HB 134: O ano de 1853 passou muito ligeiro

Voltemos à carta do Dr. Blumenau. Nada melhor para sentir as suas emoções, do que ouvir as palavras lançadas por ele no papel. Dizia, ainda: “colecionei orquídeas, no que me ajudaram o Dr. Fritz Muller e seu irmão Augusto. O primeiro é um naturalista competente e um ótimo colono que trabalha com o machado como um lenhador experimentado. Augusto Muller é jardineiro. O Dr. Muller mostrou-me novas espécies de orquídeas que eu ainda não conhecia. O ano de 1853 passou muito ligeiro, entre trabalhos excessivos e muitas amarguras. Fiz um balanço geral e descobri que nos últimos dois anos tive um saldo total de 165 mil réis. Chegaram muitos colonos e eu estava sozinho nos meus múltiplos serviços”.

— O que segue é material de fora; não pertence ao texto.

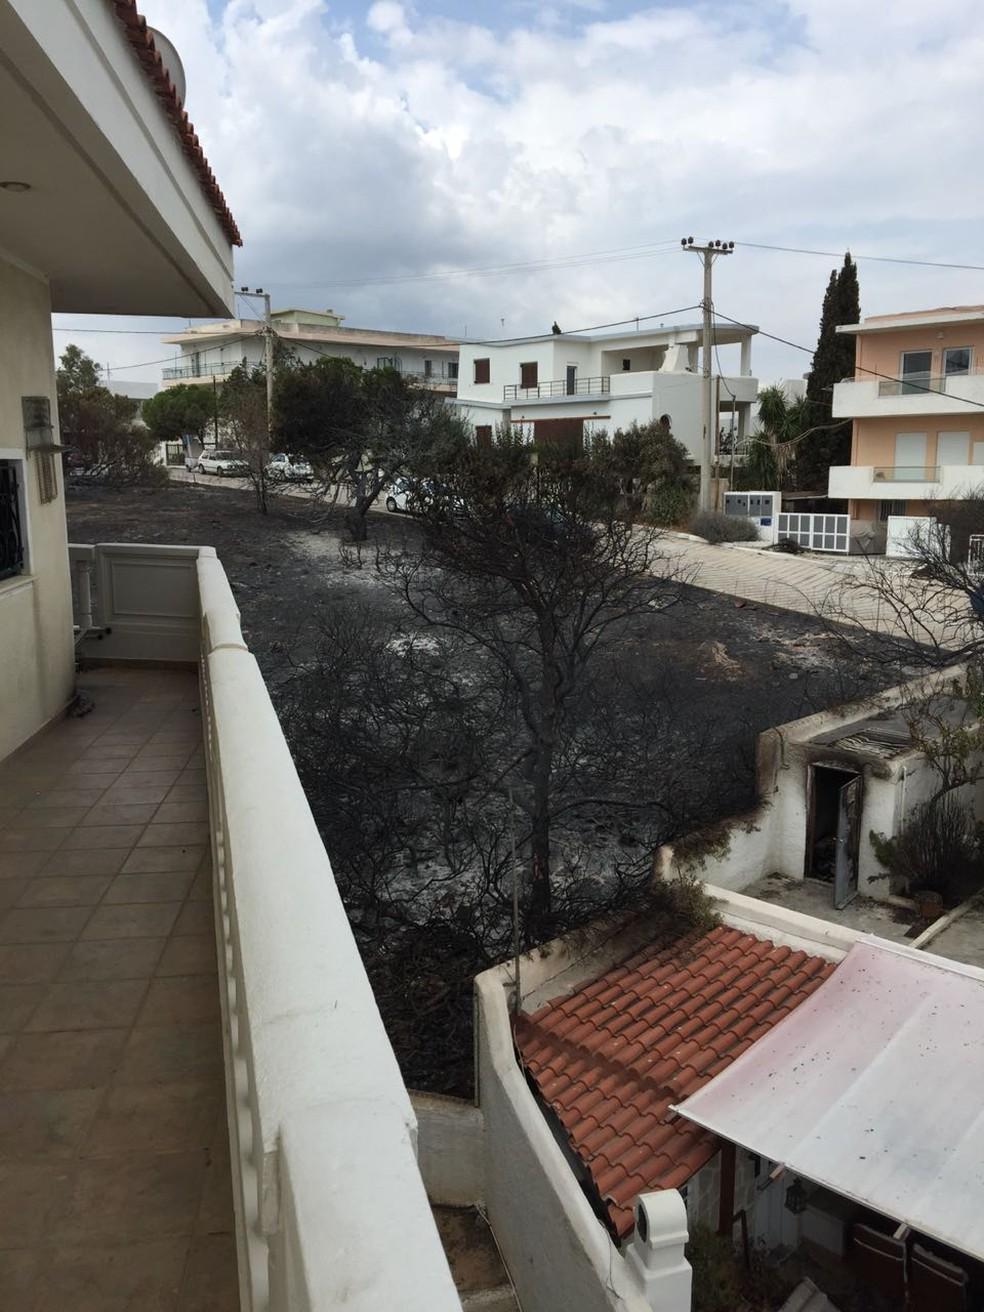 Prédio em que a brasileira Tuca Oliveira mora na Grécia teve apenas a fachada e a varanda queimadas (Foto: Andreas Stefanakis)

A situação aflitiva da colônia impunha ao seu empreendedor uma economia de guerra. É quando ele afirma na carta: “devido aos poucos recursos que eu tinha, era obrigado a fazer, apenas, as despesas mais necessárias e não podia ter empregados. Fiz traçados de novos caminhos, marquei derrubadas, comprei, vendi e distribui víveres, tudo eu sozinho, tendo, pois, muito pouco tempo para pensar noutras coisas. Bem ingrata e amarga tarefa é colonizar”. Essa frase do Dr. Blumenau soava contundente. E ele prossegue: “se o senhor quiser expiar algum pecado grande, experimente esse meio. Para o senhor que é católico, um ano nestas matas virgens valeria bem vinte e cinco anos de purgatório”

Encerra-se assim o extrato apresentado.